Recent advances in 2D and 3D in vitro systems using primary hepatocytes, alternative hepatocyte sources and non-parenchymal liver cells and their use in investigating mechanisms of hepatotoxicity, cell signaling and ADME.

This review encompasses the most important advances in liver functions and hepatotoxicity and analyzes which mechanisms can be studied in vitro. In a complex architecture of nested, zonated lobules, the liver consists of approximately 80 % hepatocytes and 20 % non-parenchymal cells, the latter being involved in a secondary phase that may dramatically aggravate the initial damage. Hepatotoxicity, as well as hepatic metabolism, is controlled by a set of nuclear receptors (including PXR, CAR, HNF-4α, FXR, LXR, SHP, VDR and PPAR) and signaling pathways. When isolating liver cells, some pathways are activated, e.g., the RAS/MEK/ERK pathway, whereas others are silenced (e.g. HNF-4α), resulting in up- and downregulation of hundreds of genes. An understanding of these changes is crucial for a correct interpretation of in vitro data. The possibilities and limitations of the most useful liver in vitro systems are summarized, including three-dimensional culture techniques, co-cultures with non-parenchymal cells, hepatospheres, precision cut liver slices and the isolated perfused liver. Also discussed is how closely hepatoma, stem cell and iPS cell-derived hepatocyte-like-cells resemble real hepatocytes. Finally, a summary is given of the state of the art of liver in vitro and mathematical modeling systems that are currently used in the pharmaceutical industry with an emphasis on drug metabolism, prediction of clearance, drug interaction, transporter studies and hepatotoxicity. One key message is that despite our enthusiasm for in vitro systems, we must never lose sight of the in vivo situation. Although hepatocytes have been isolated for decades, the hunt for relevant alternative systems has only just begun.

Serum-free collagen sandwich cultures of adult rat hepatocytes maintain liver-like properties long term: a valuable model for in vitro toxicity and drug-drug interaction studies.
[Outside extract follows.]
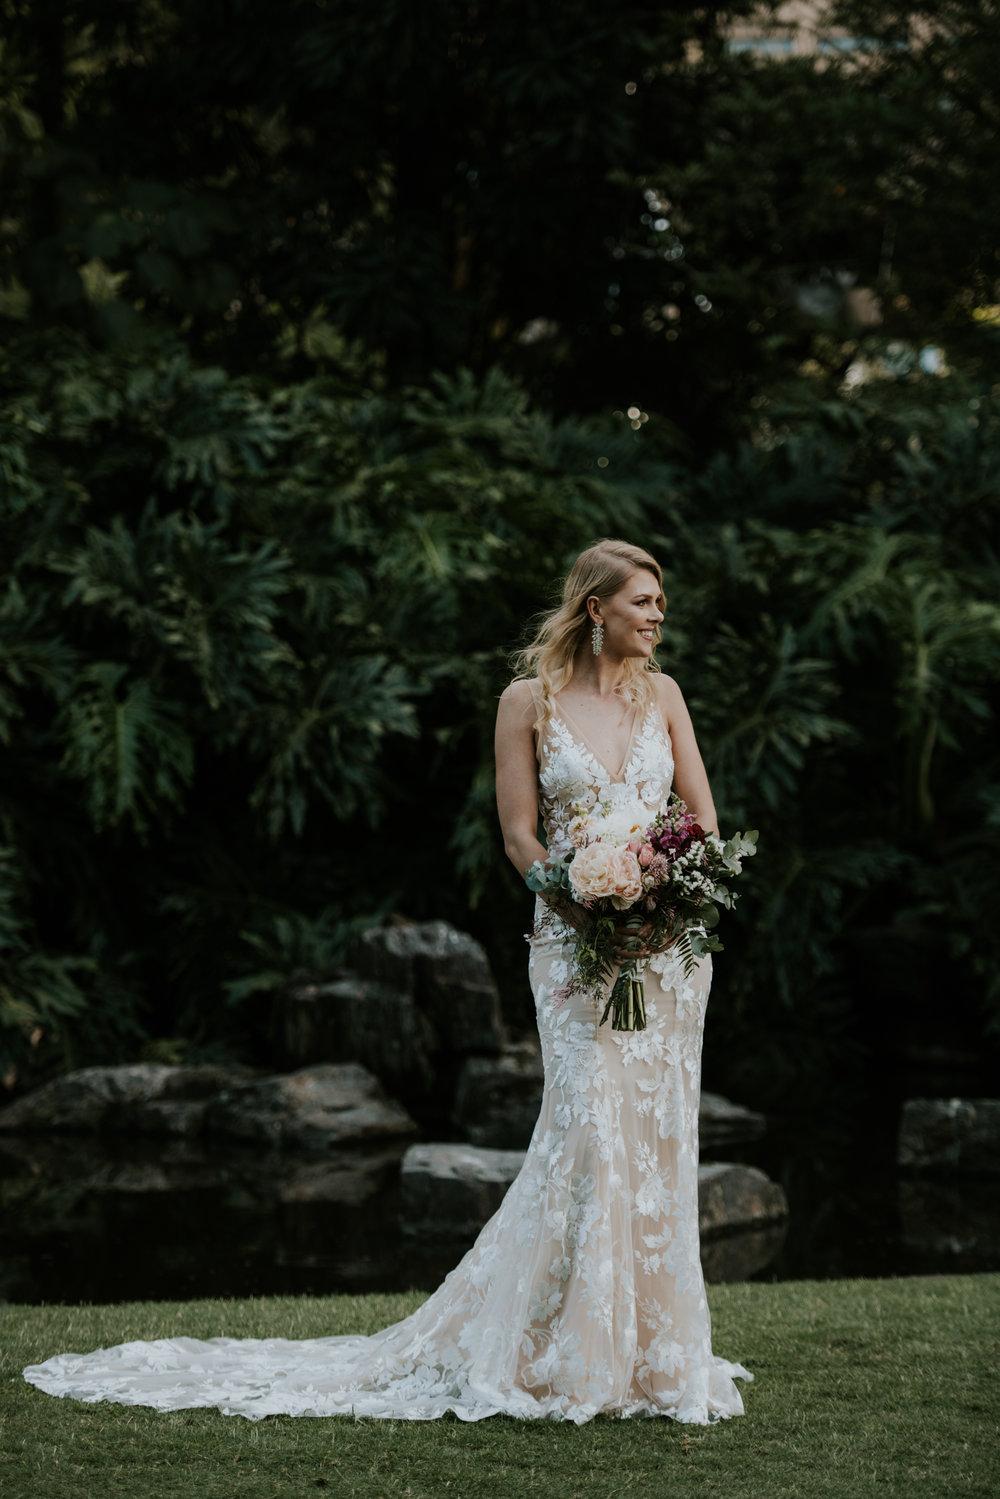 Brisbane Wedding Photographer | Engagement-Elopement Photography | Factory51-City Botantic Gardens Wedding-43.jpg

Cultures of primary hepatocytes from various species, including human, are used in several applications during pre-clinical drug development. Their use is however limited by cell survival and conservation of liver-specific functions in vitro. The differentiation status of hepatocytes in culture strongly depends on medium formulation and the extracellular matrix environment. We incubated primary rat hepatocytes for 10 days on collagen monolayer and in collagen sandwich cultures with or without serum. Restoration of polygonal cell shape and formation of functional bile canaliculi-like structures was stable only in serum-free sandwich cultures. Variations in general cell viability, as judged by the cellular ATP content, LDH release or apoptosis, were less pronounced between alternative cultures. The intracellular glutathione content was preserved close to in vivo levels especially in serum-free sandwich cultures. Basal activities of cytochrome P450 enzymes (P450) varied strongly between cultures. There was a minor effect on CYP1A but CYP2B activity was only detectable in the serum-free sandwich culture after 3 days and beyond. CYP2C activity was slightly elevated in both sandwich cultures, whereas CYP3A showed increased levels in both serum-free cultures. Inducibility of these P450s was fully maintained over time in serum-free collagen sandwich only. Gene expression was largely constant over time in serum-free sandwich cultures that was closest to liver. This liver-like property was supported by protein profiling results. Taken together, the serum-free collagen sandwich culture of primary rat hepatocytes maintained liver-like features over 10 days and is therefore a suitable model for long-term toxicity and drug-drug interaction studies.